As many have said, it’s an awfully good time for comics. You look around enough, it’s pretty easy to find a comic that would interest almost any type of reader. As one with diverse interests, I’m finding a lot to pick up these days, but few books intrigue me as much as Ivan Brandon and Nic Klein’s Drifter. While Brandon’s script and developing plot is deeply fascinating – especially considering how close to the vest they’re playing what is really going on – the main reason for me are the visuals. Tom Muller’s design is second to none, of course, but Klein’s art…it’s the heart and soul of this book.

In Drifter, he’s approaching his art in a slightly different way, and it’s resulting in the best work of his career and some of the finest art in comics today. He helps make this story – one of a lost soul named Abram Pollux who is desperate to find out what is going on after he crash landed on a planet called Ouro – one that transcends its genre into being something great for any story.

Klein’s my featured artist on this week’s art feature, and today, we dig into the first volume of the comic and talk about his approach, what he’s doing different on this book, science fiction, what it’s like bringing something gruesome to life, and much more. Take a look, and if you haven’t read the book at all yet, beware some ever so slight spoilers.

Before we jump into the world of “Drifter”, can you share what you use to bring this book to life and how you do it? I know it’s all digital, but I’m curious as to your process for the book as well as what tools you use.

NK: My process is pretty simple, as always I read the script and do thumbnails. At this point I know if there is anything that needs to be designed for the first time (vehicles, ruins, etc.). Sometimes Ivan based things that find their way into the script on scribbles I did before. Sometimes I visualize things he came up with. From there on I move straight to the “pencils” and “inks”. Since, as you mentioned, I work 100% digital on Drifter I do all of this in Photoshop. For the pencils, I just pop a new layer on top of the layouts layer and go. After the inks, I start to color. This part almost takes the most time since I try to do most of the rendering in this stage.
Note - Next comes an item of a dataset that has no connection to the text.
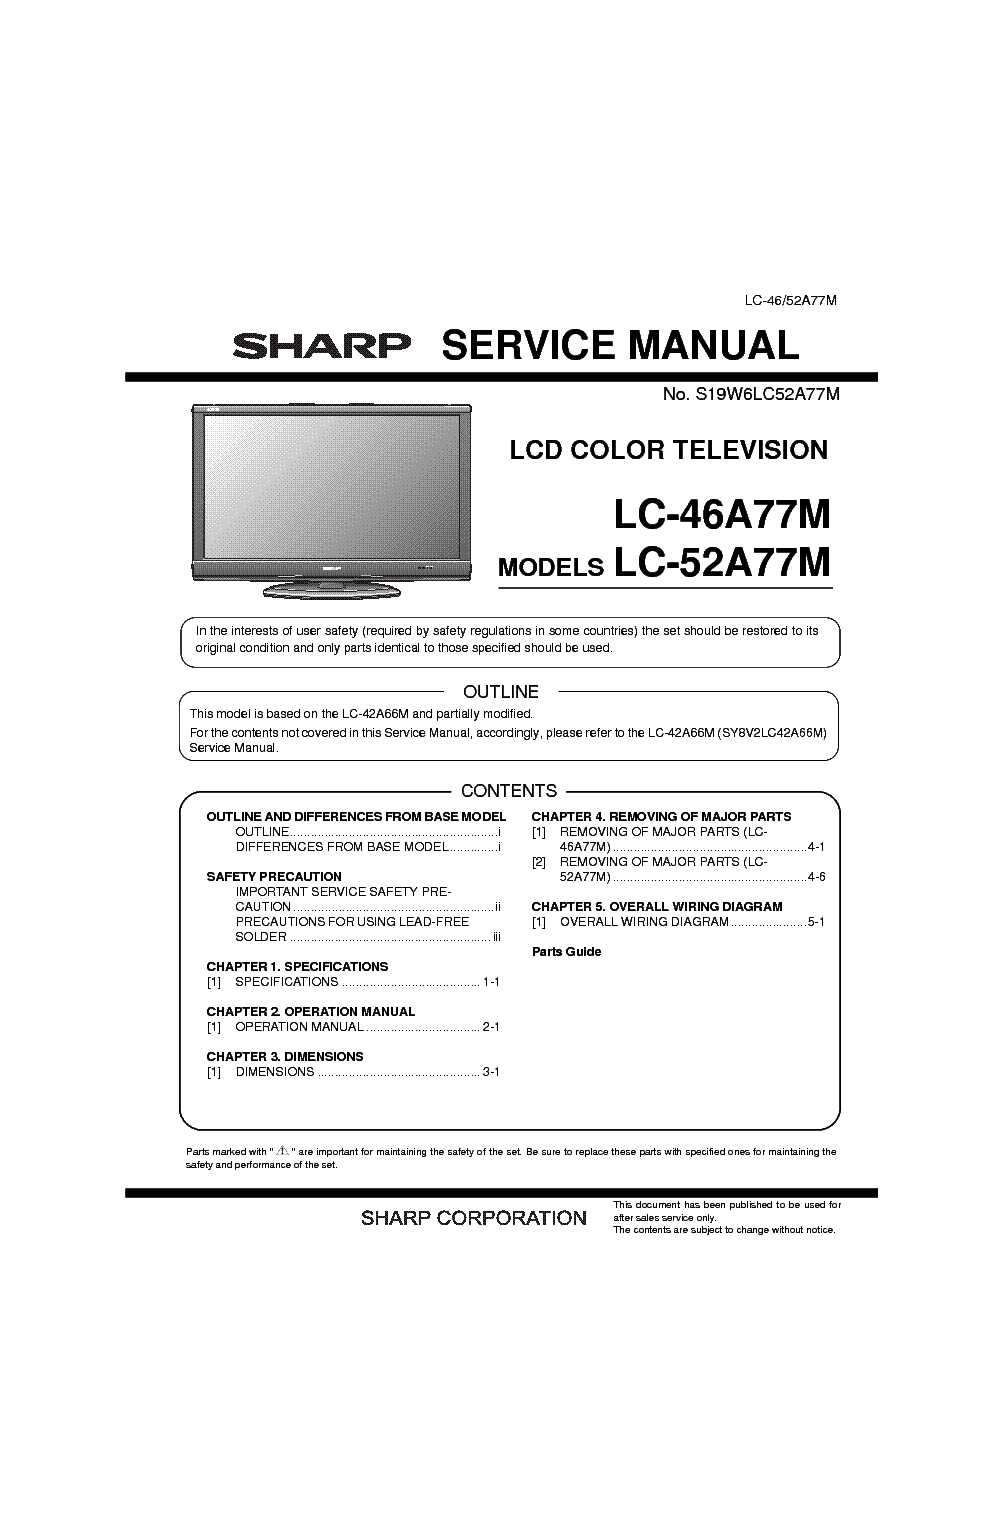 SHARP LC46-52A77M SM GB service manual (1st page)

When you and Ivan were first conceptualizing this book, what appealed to you about the story, and have you found the things you enjoy about it evolving as you’ve moved along in the story?

NK: What appealed to me on a meta level was the worn out and used look that everything has on this world. All tech has seen better days, everything is thrown together, this is no shiny sci-fi, people have lived in and with these objects for a long time and it shows.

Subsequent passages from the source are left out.